居住者だった外国人が母国への帰国などにより非居住者になる時点は、①住所・居所を国外に移すために出国する日の翌日、②国内に住所がないとみなされる事由が発生した日の翌日、のいずれかです。反対に非居住者が居住者に切り替わる時点は入国日が原則で、183日以上の滞在が明らかに予定されている場合は入国日から居住者として扱われます。

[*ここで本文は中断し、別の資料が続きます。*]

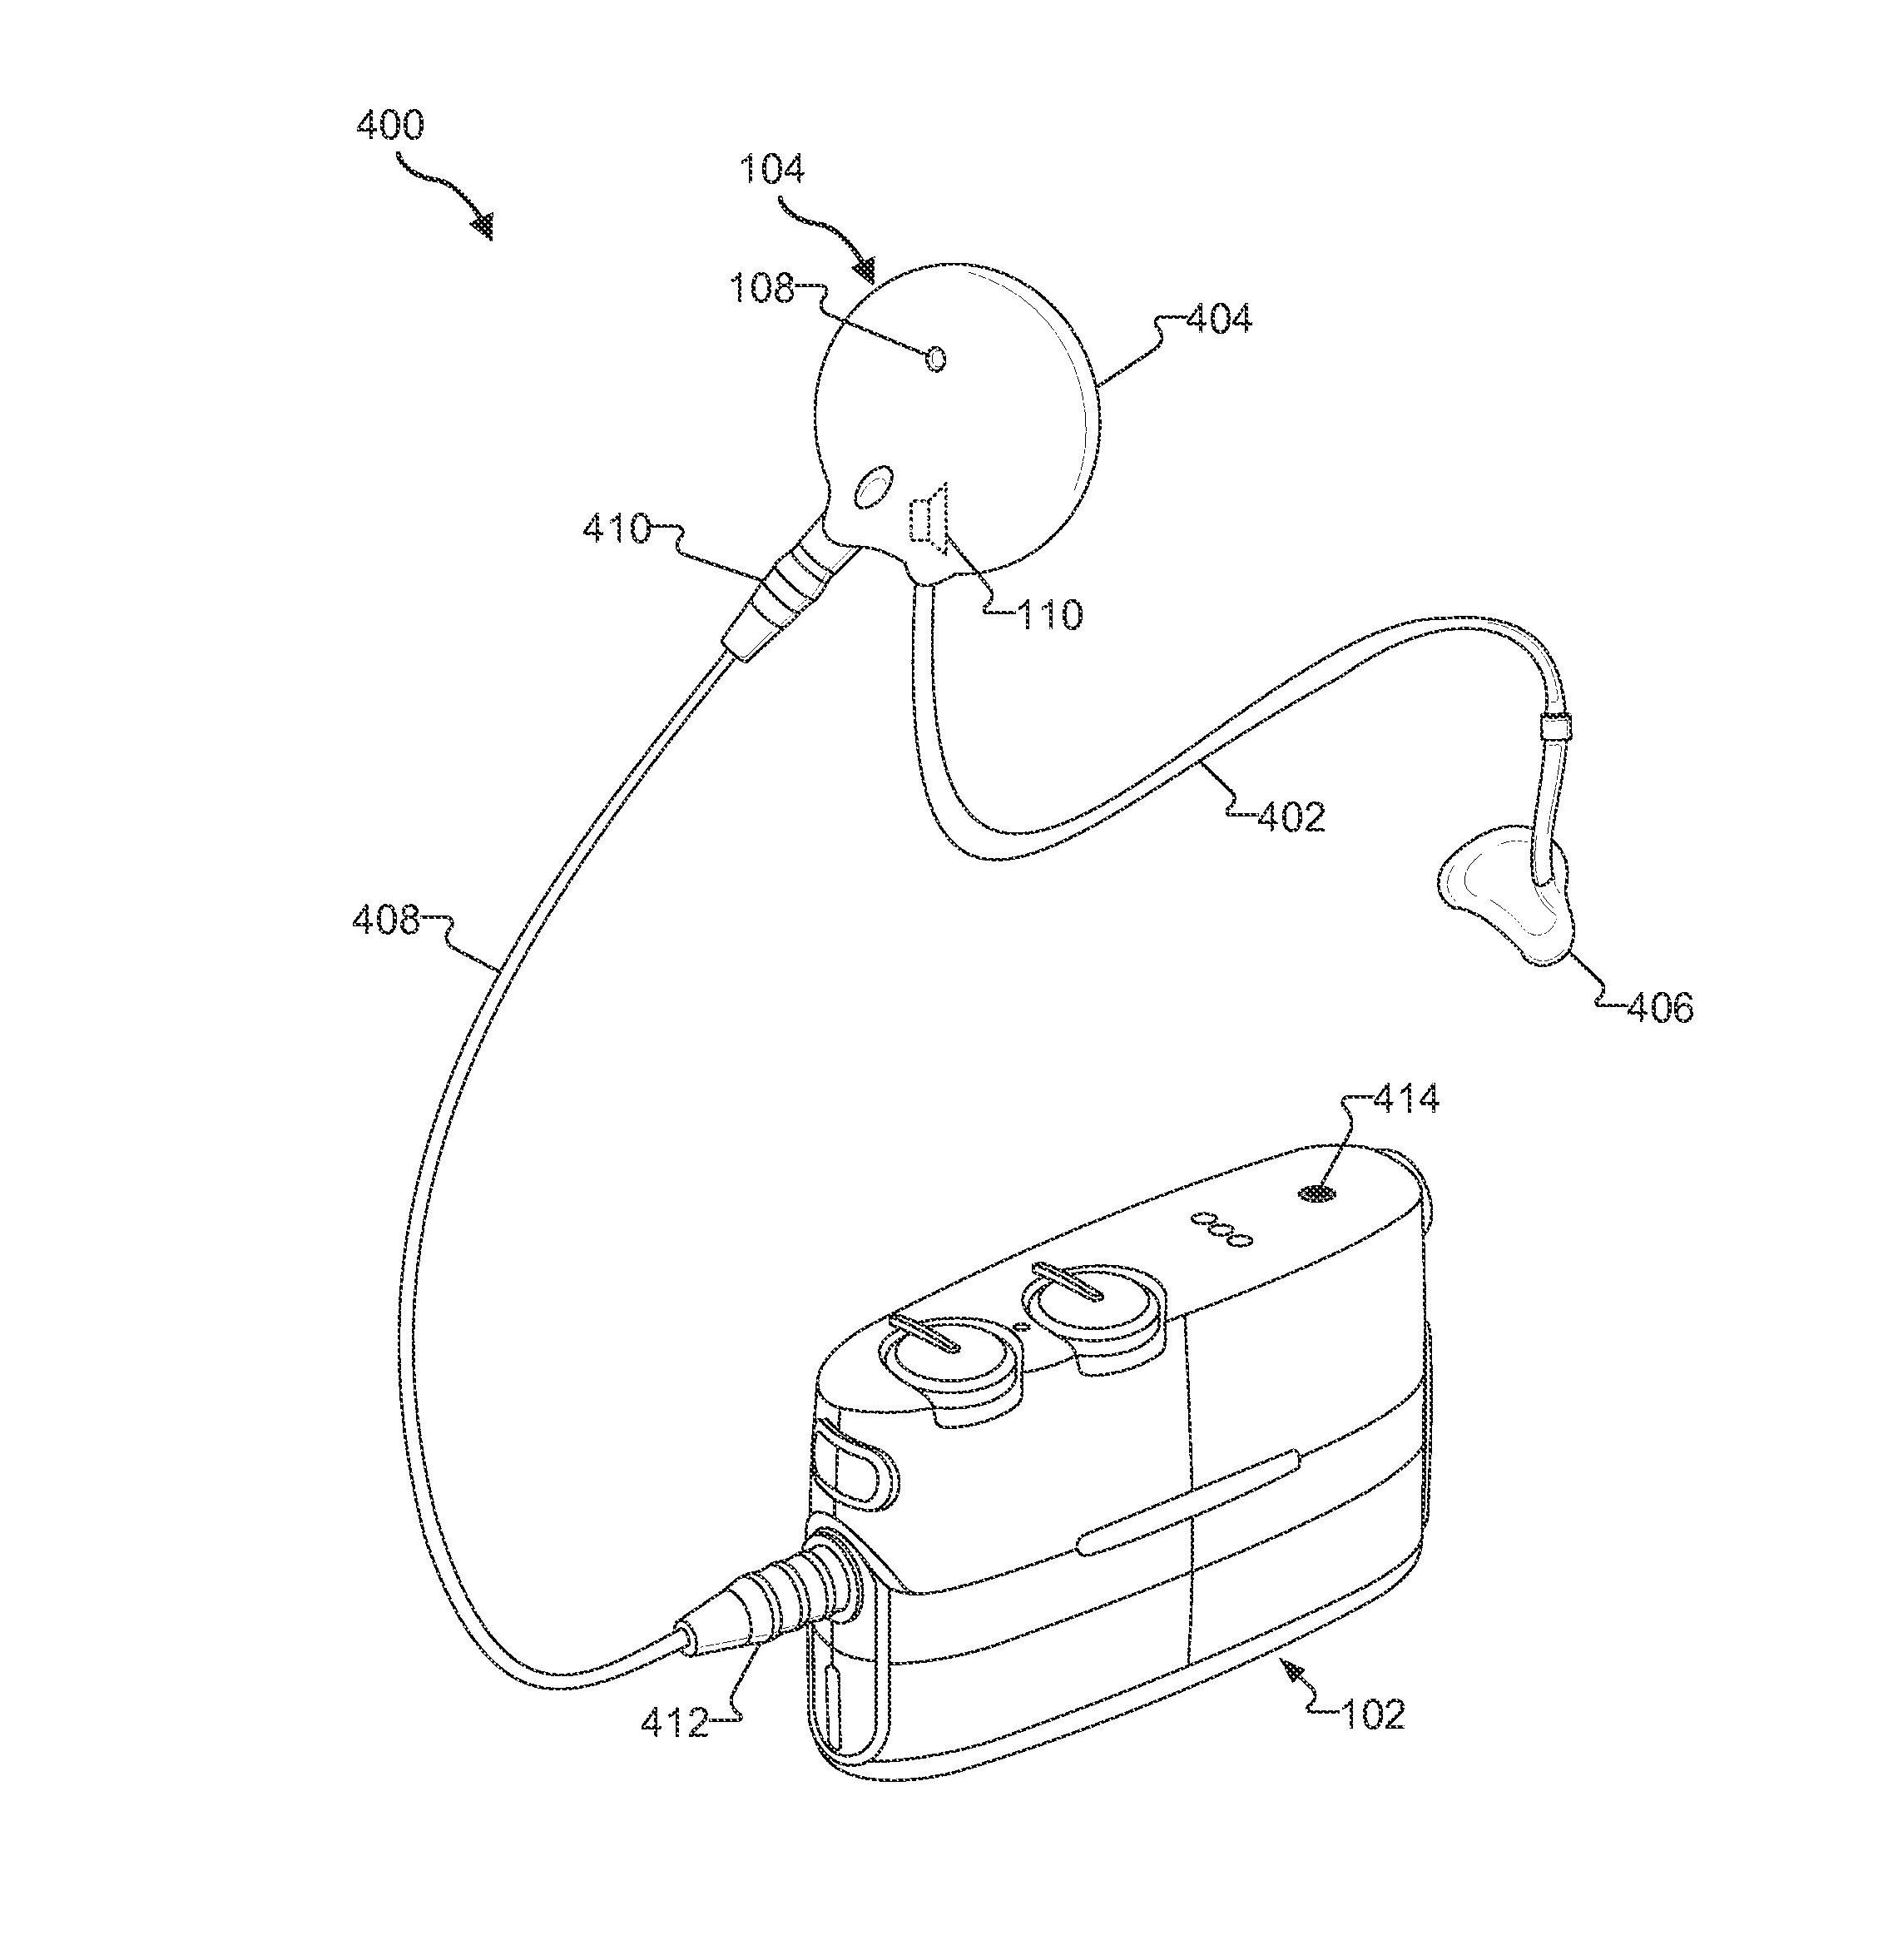 Systems and methods for facilitating electro-acoustic stimulation using an off-the-ear sound processor module

身分によって課税の範囲そのものが変わります。居住者は国内外のすべての所得(全世界所得)について総合課税されますが、非居住者は国内源泉所得についてのみ納税義務があり、国内事業場や不動産所得がなければ、所得の種類ごとに源泉徴収のみで納税義務が完結する分離課税が適用されます。
身分が切り替わる際に確認すること
出国日(正確には出国日の翌日)を正確に記録しておく
切り替え年の所得を、居住者期間分と非居住者期間分に分けて計算する
居住者期間中に発生した国外源泉所得も申告対象になるか確認する
非居住者に切り替わった後も国内の不動産・利子所得が残っている場合は、源泉徴収方式を再確認する
総合課税と分離課税、混同しないように
居住者は利子・配当・不動産賃貸・事業・給与・年金・その他所得を合算して総合課税されますが、利子・配当の合計が年2,000万ウォン未満、その他所得が年300万ウォン未満であれば分離課税を選択できます。非居住者は国内事業場や不動産所得があればその所得を総合課税し、なければ所得ごとに分離課税されます。